##### SOURCE MATERIAL #####
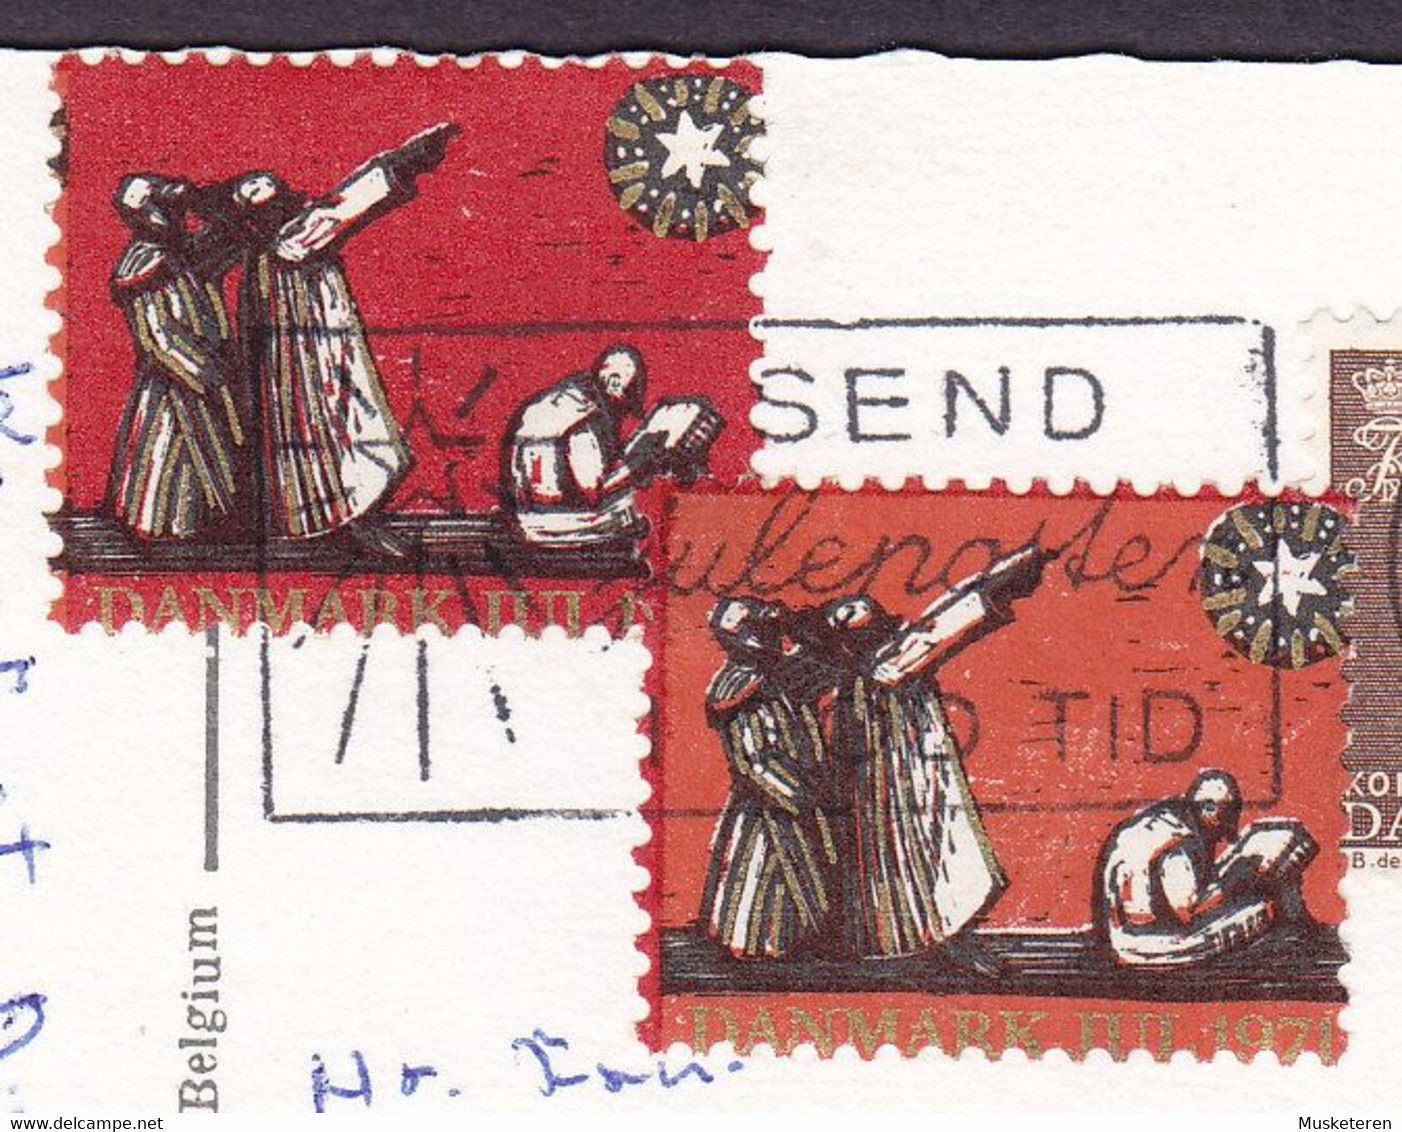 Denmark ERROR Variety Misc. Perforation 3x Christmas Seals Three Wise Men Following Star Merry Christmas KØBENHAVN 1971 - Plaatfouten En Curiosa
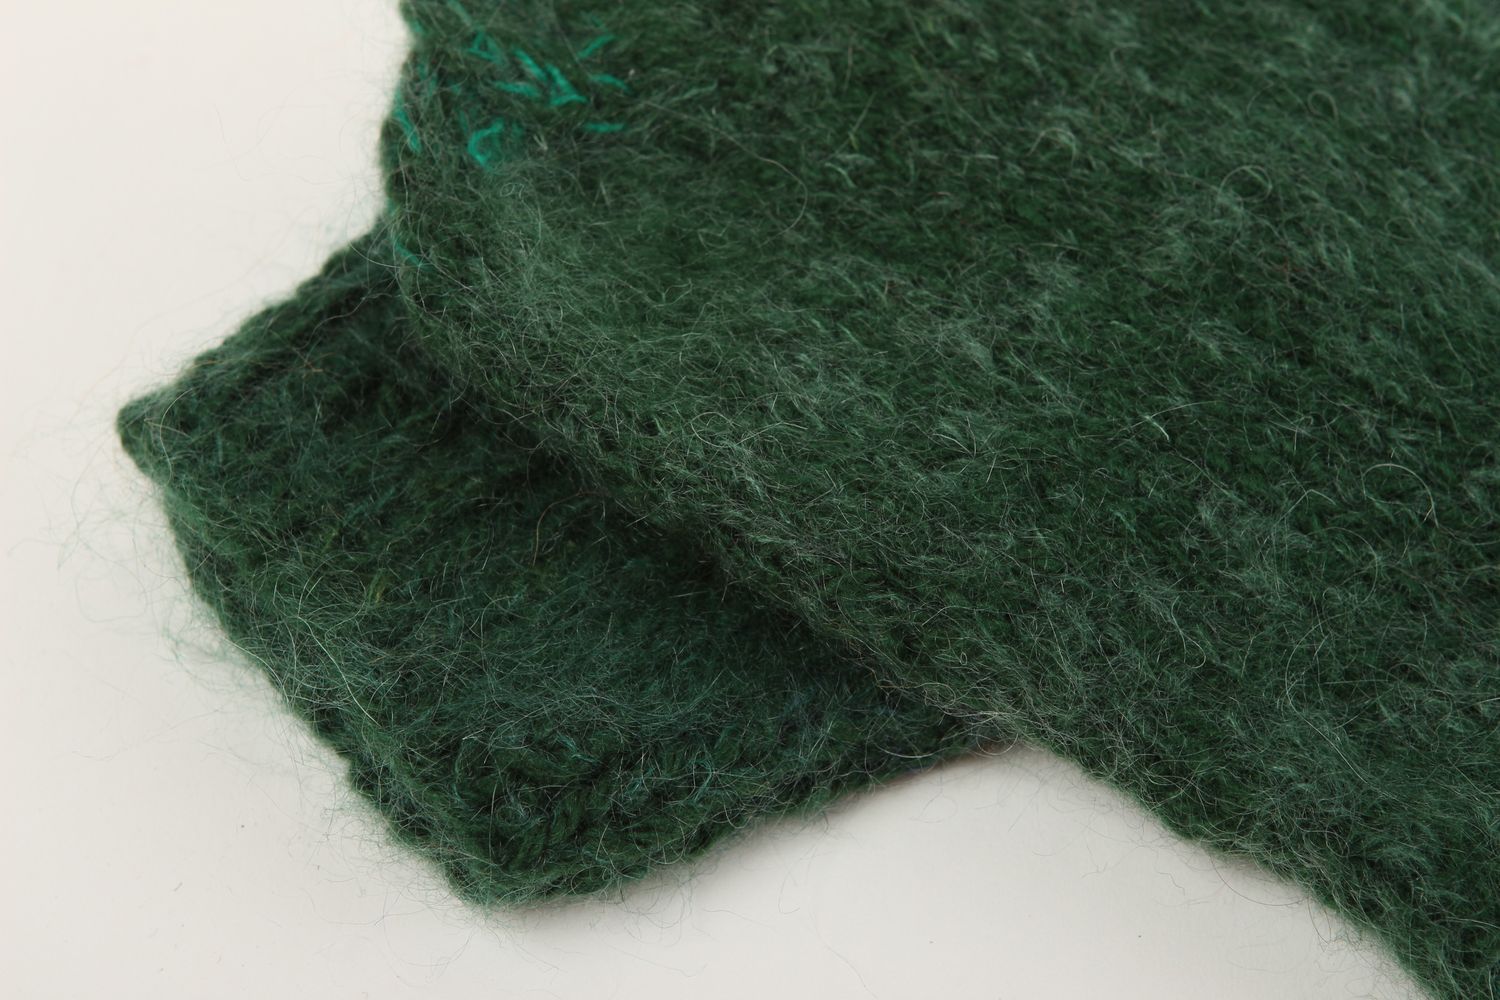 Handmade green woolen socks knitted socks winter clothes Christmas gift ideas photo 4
#####
##### SOURCE MATERIAL #####
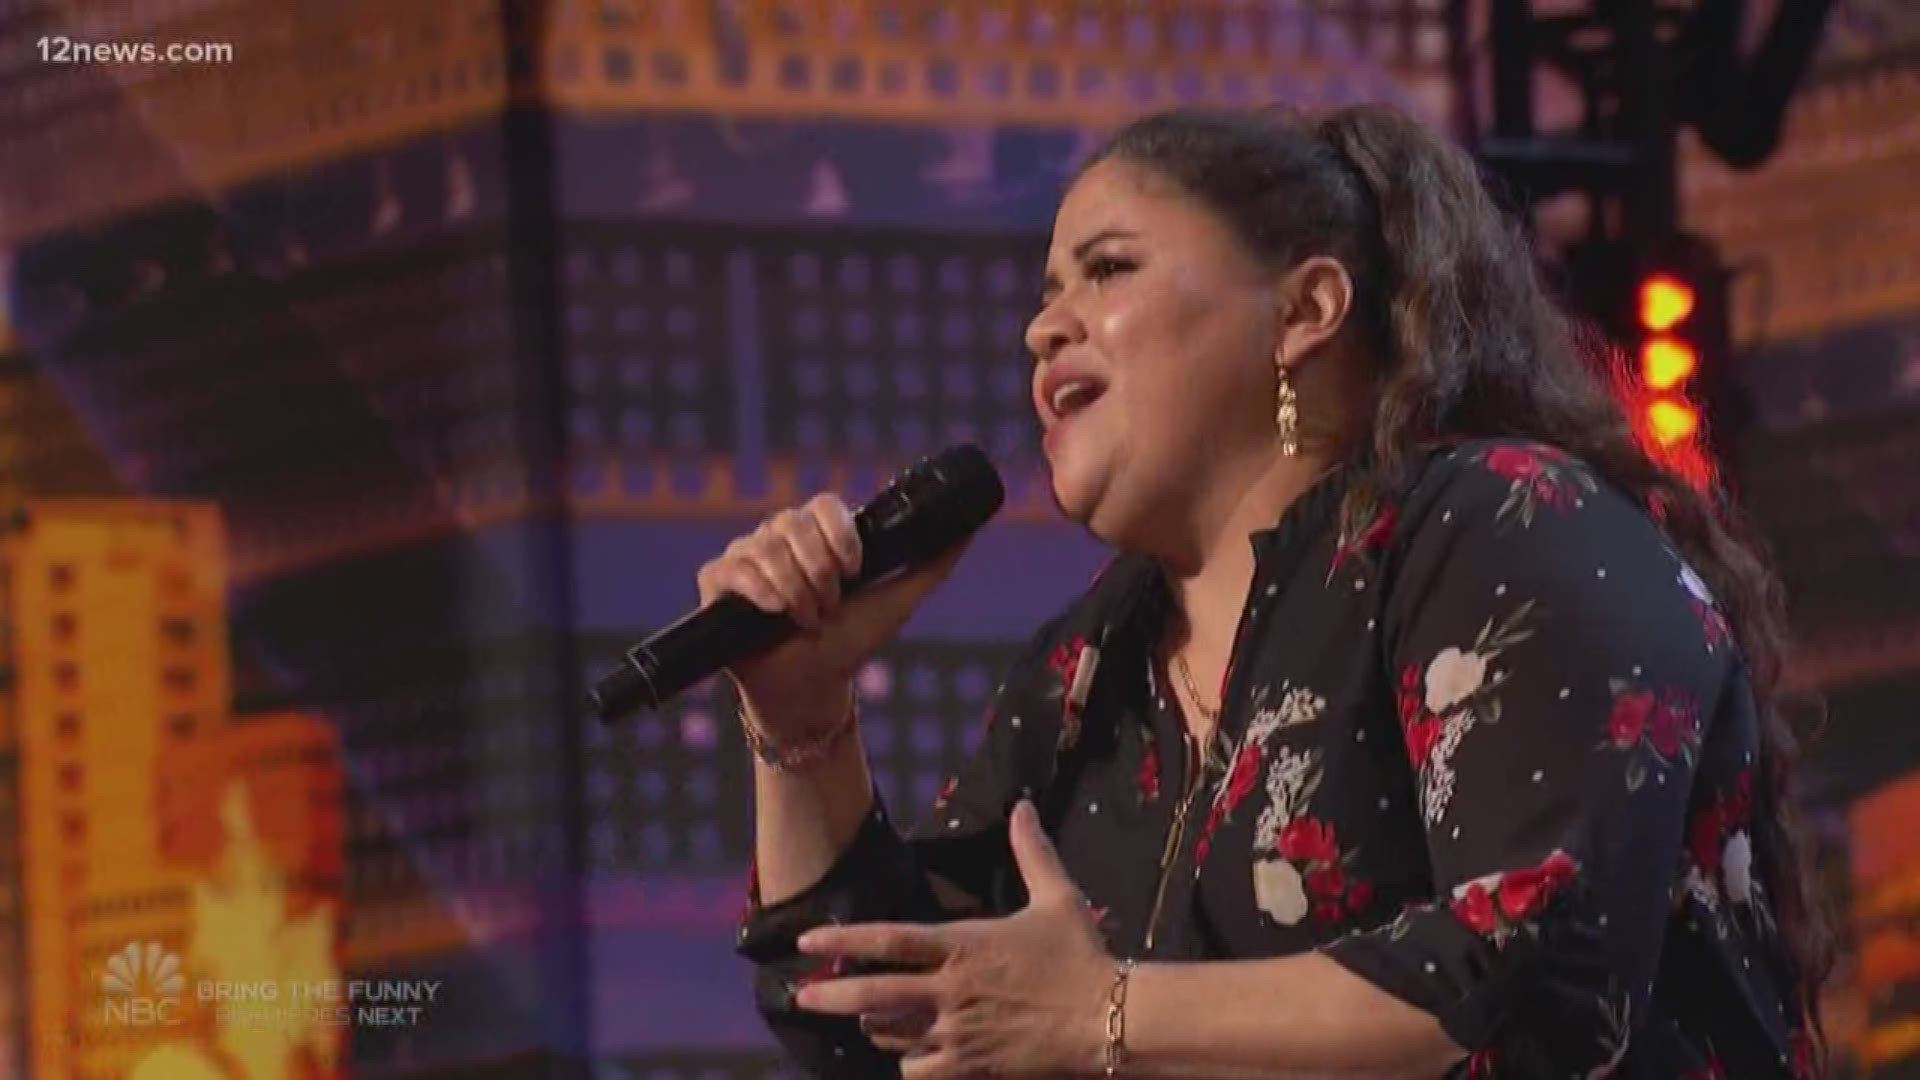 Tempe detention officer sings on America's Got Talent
#####
__PROBLEM__
What should come back is an exact copy of the lines above from the line with "Denmark ERROR Variety" to the line with "Handmade green woolen", both included, minus the pictures.

__RESULT BELOW__
 Denmark ERROR Variety Misc. Perforation 3x Christmas Seals Three Wise Men Following Star Merry Christmas KØBENHAVN 1971 - Plaatfouten En Curiosa
 Handmade green woolen socks knitted socks winter clothes Christmas gift ideas photo 4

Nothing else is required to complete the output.